▶ [What you should do]: Please return the records below exactly as they stand, with the pictures removed.

▶ [Source data]:
● ● ● ●

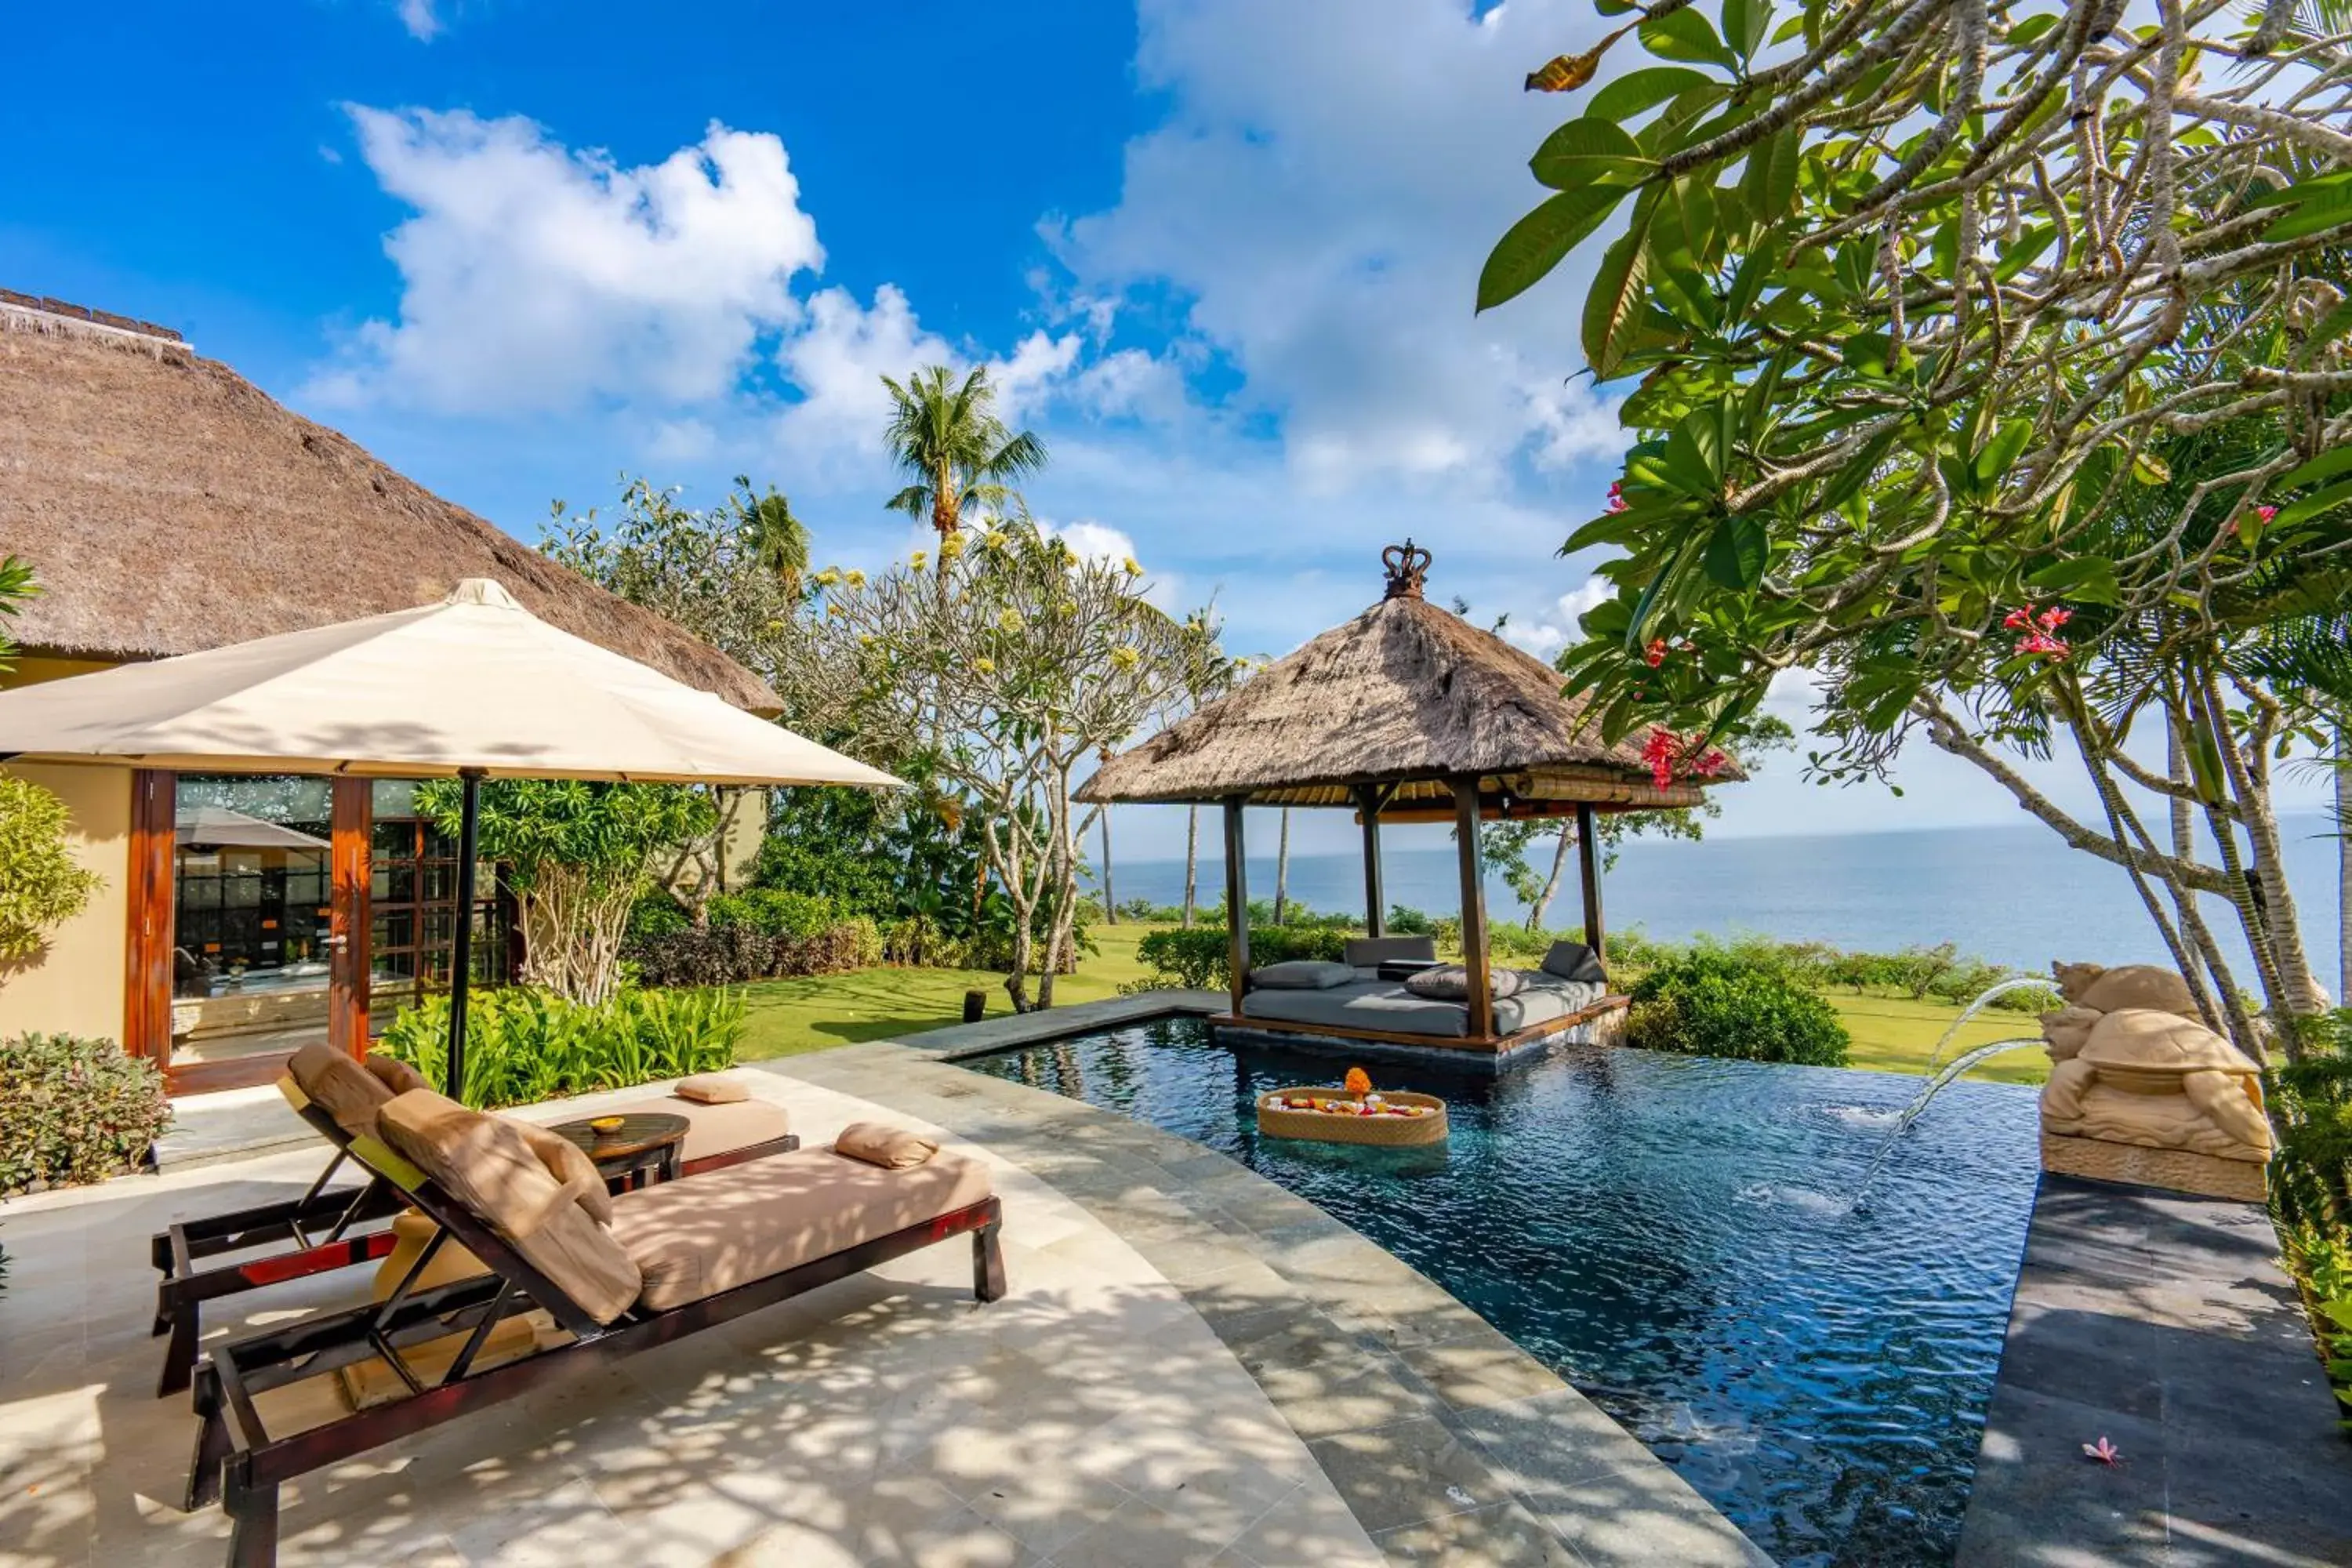 Sea view in AYANA Villas Bali
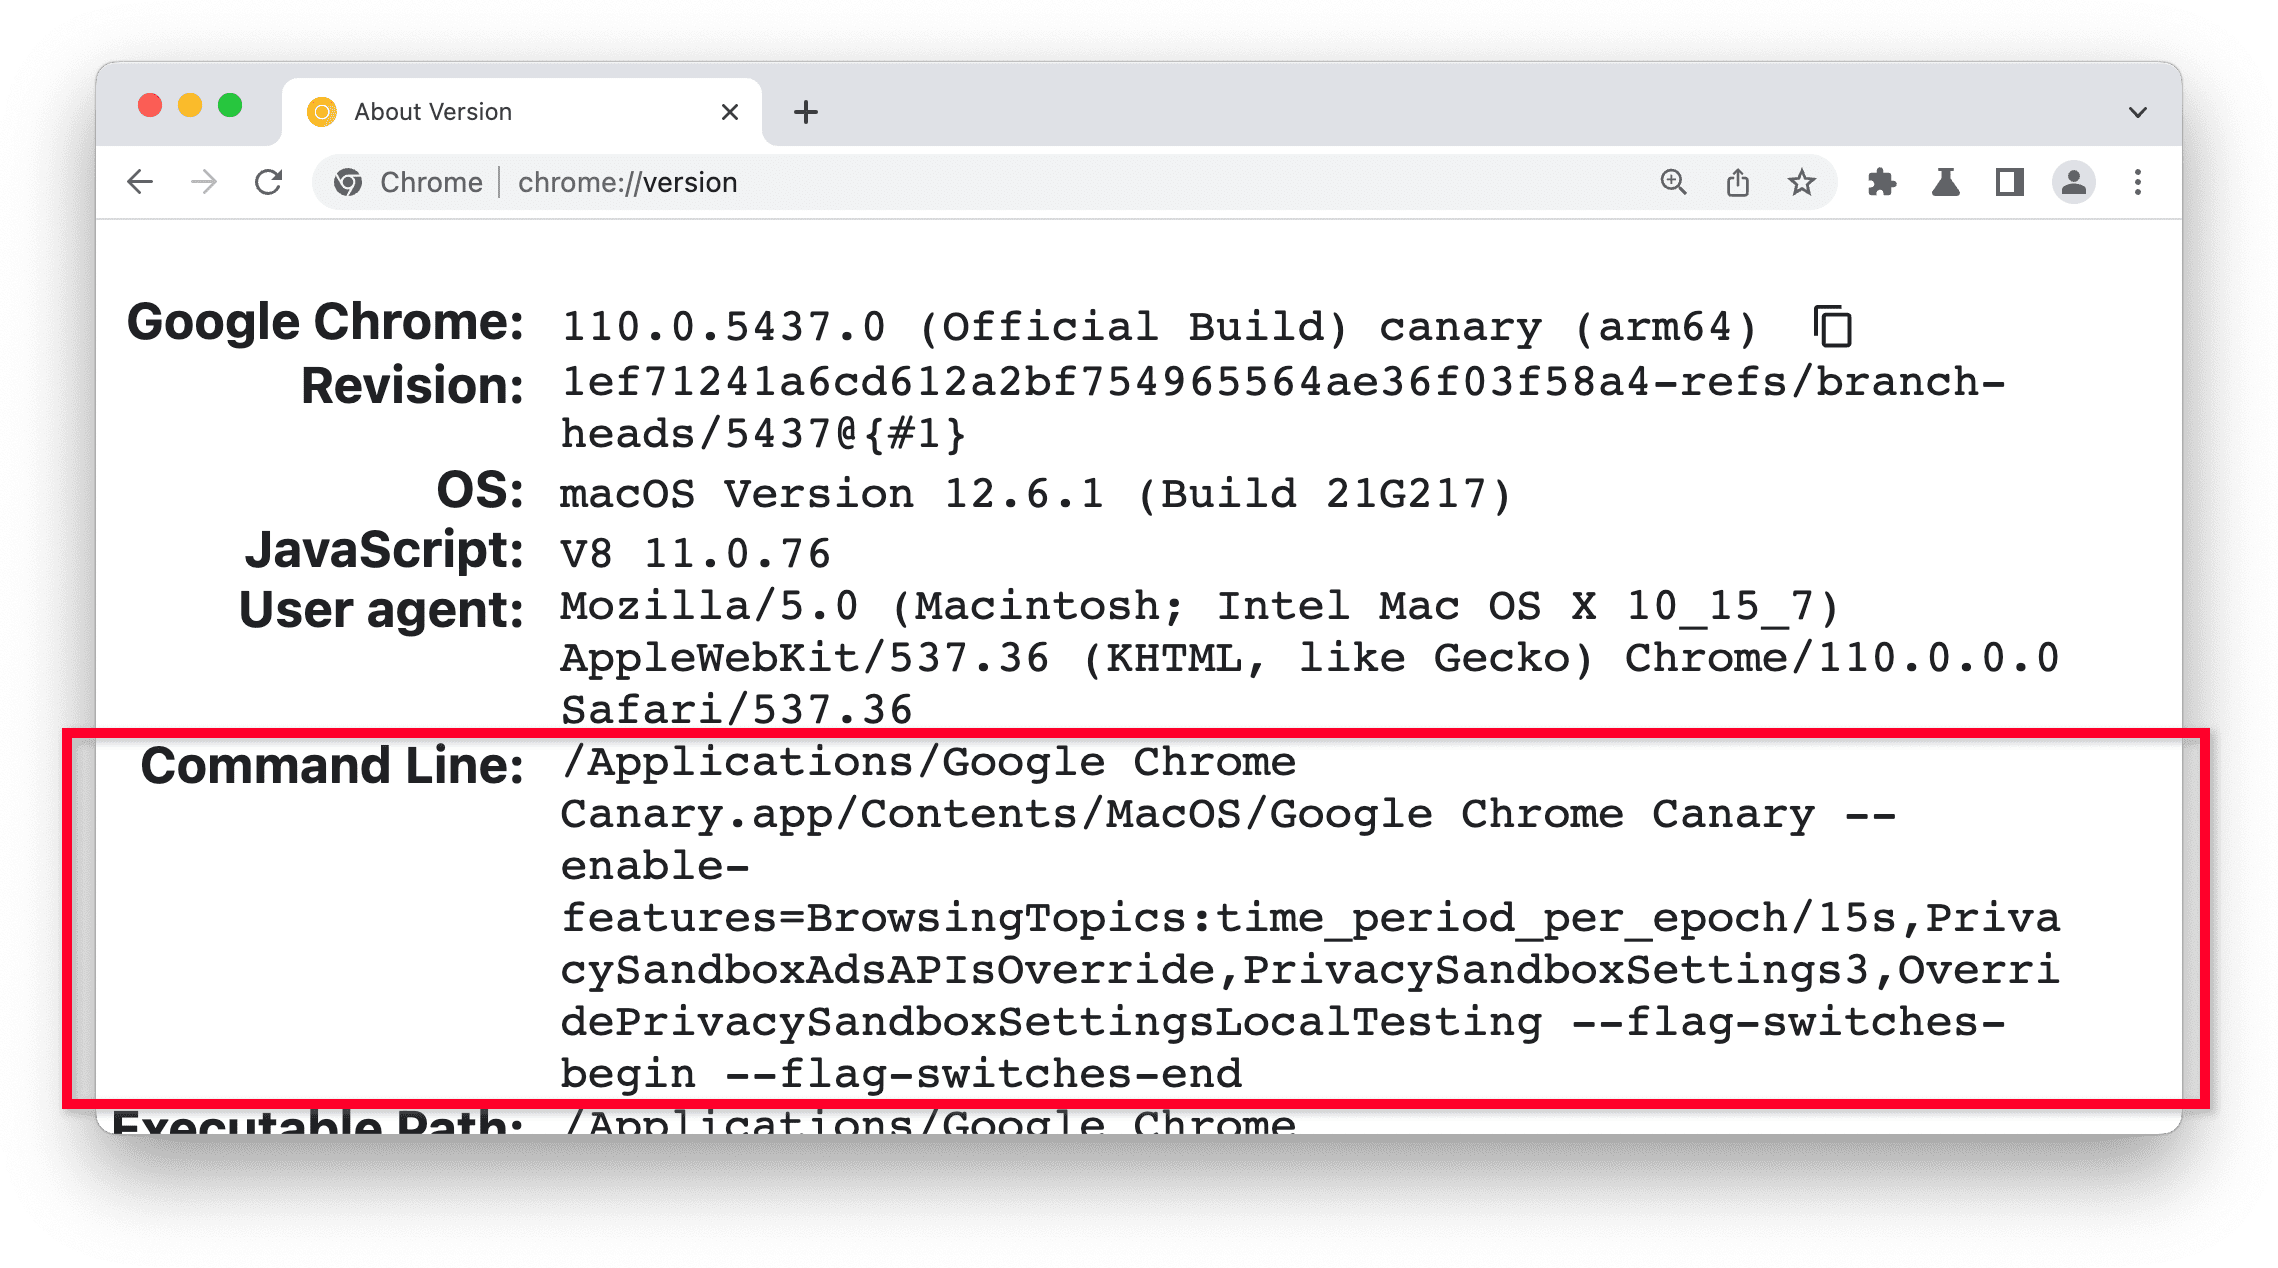 chrome://version
trong Chrome Canary, phần Dòng lệnh được làm nổi bật.
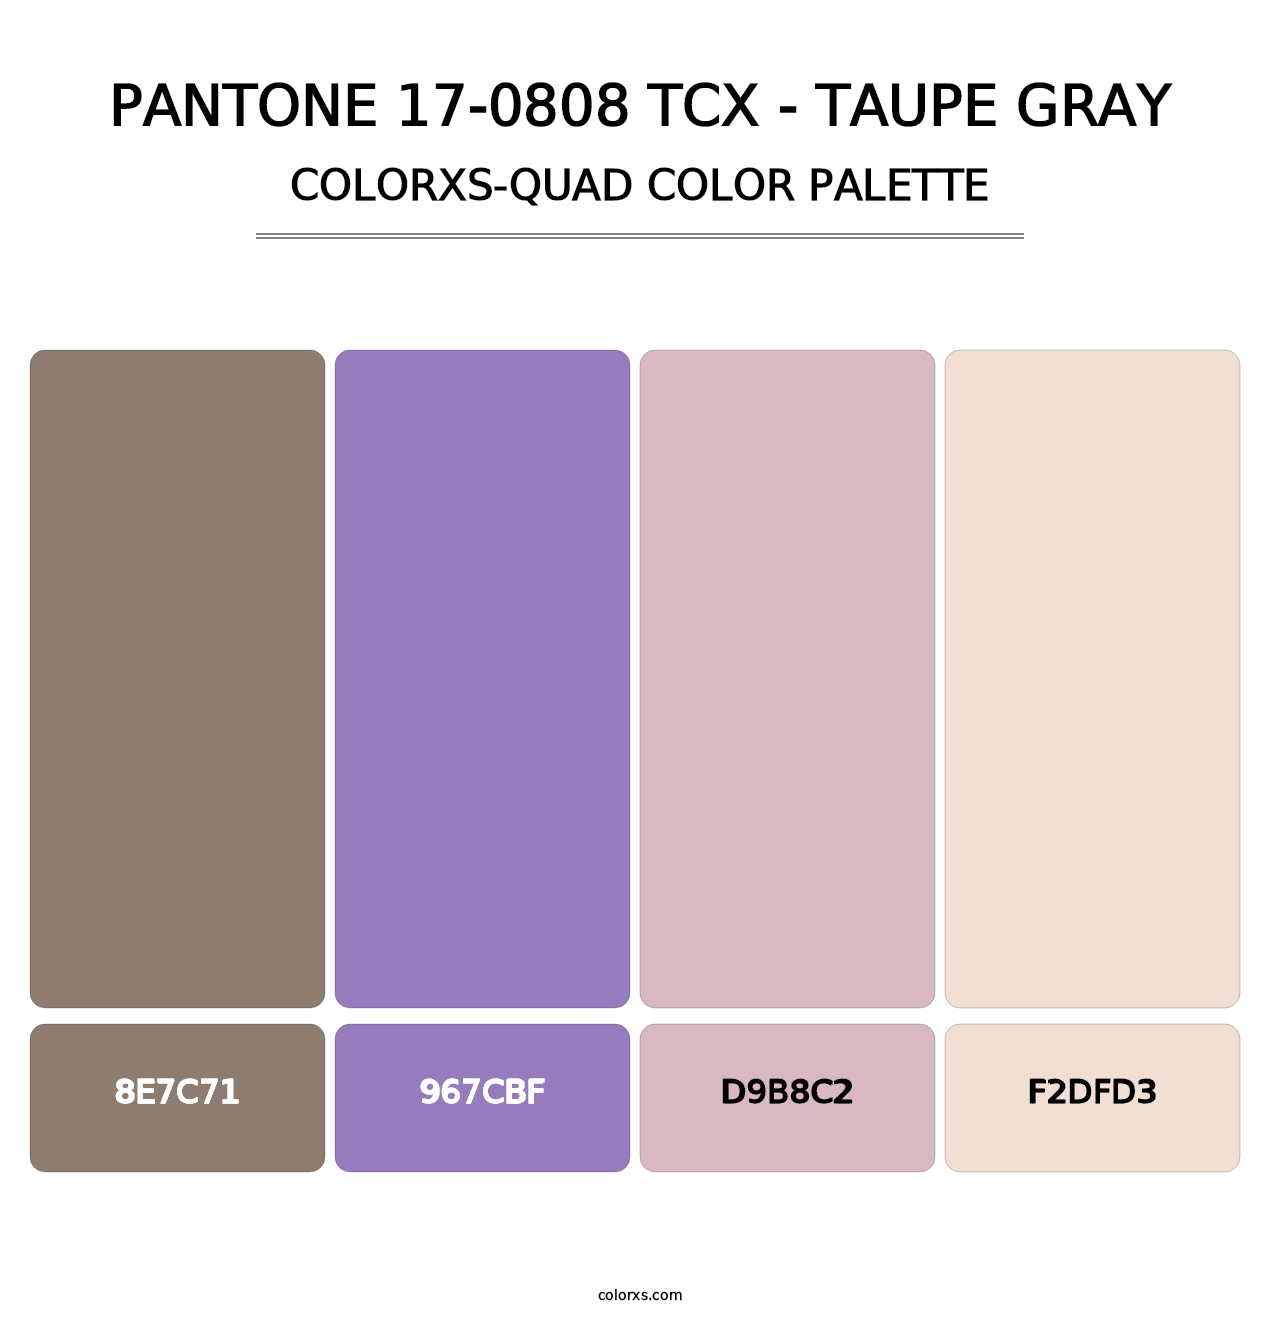 PANTONE 17-0808 TCX - Taupe Gray - Colorxs Quad Palette
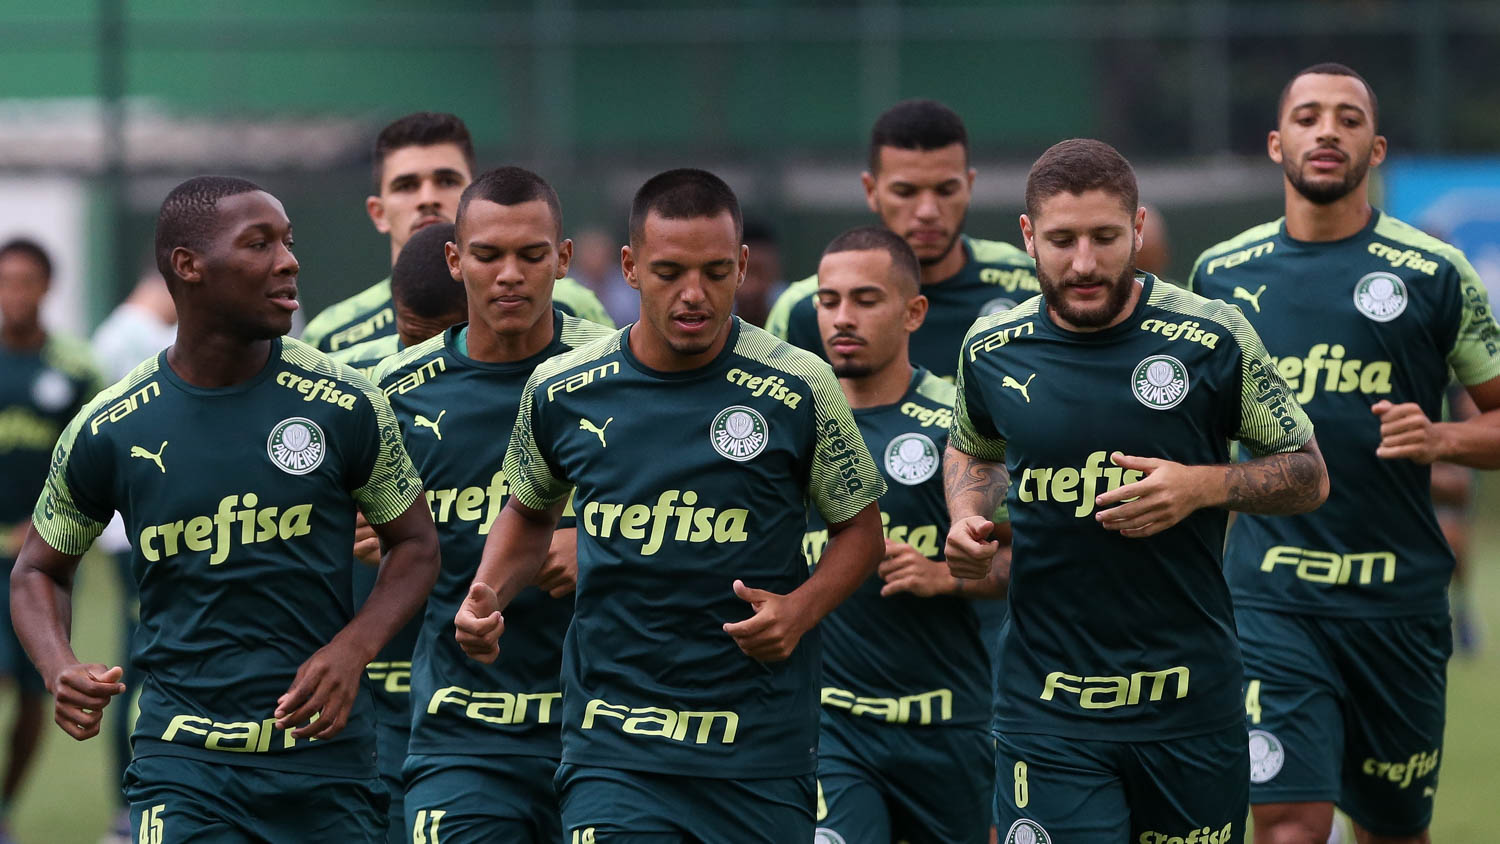 Palmeiras é eleito o melhor time do mundo de 2021 por órgão internacional  de estatística, palmeiras

● ● ● ●

▶ [Task output]:
 Sea view in AYANA Villas Bali
 chrome://version
trong Chrome Canary, phần Dòng lệnh được làm nổi bật.
 PANTONE 17-0808 TCX - Taupe Gray - Colorxs Quad Palette
 Palmeiras é eleito o melhor time do mundo de 2021 por órgão internacional  de estatística, palmeiras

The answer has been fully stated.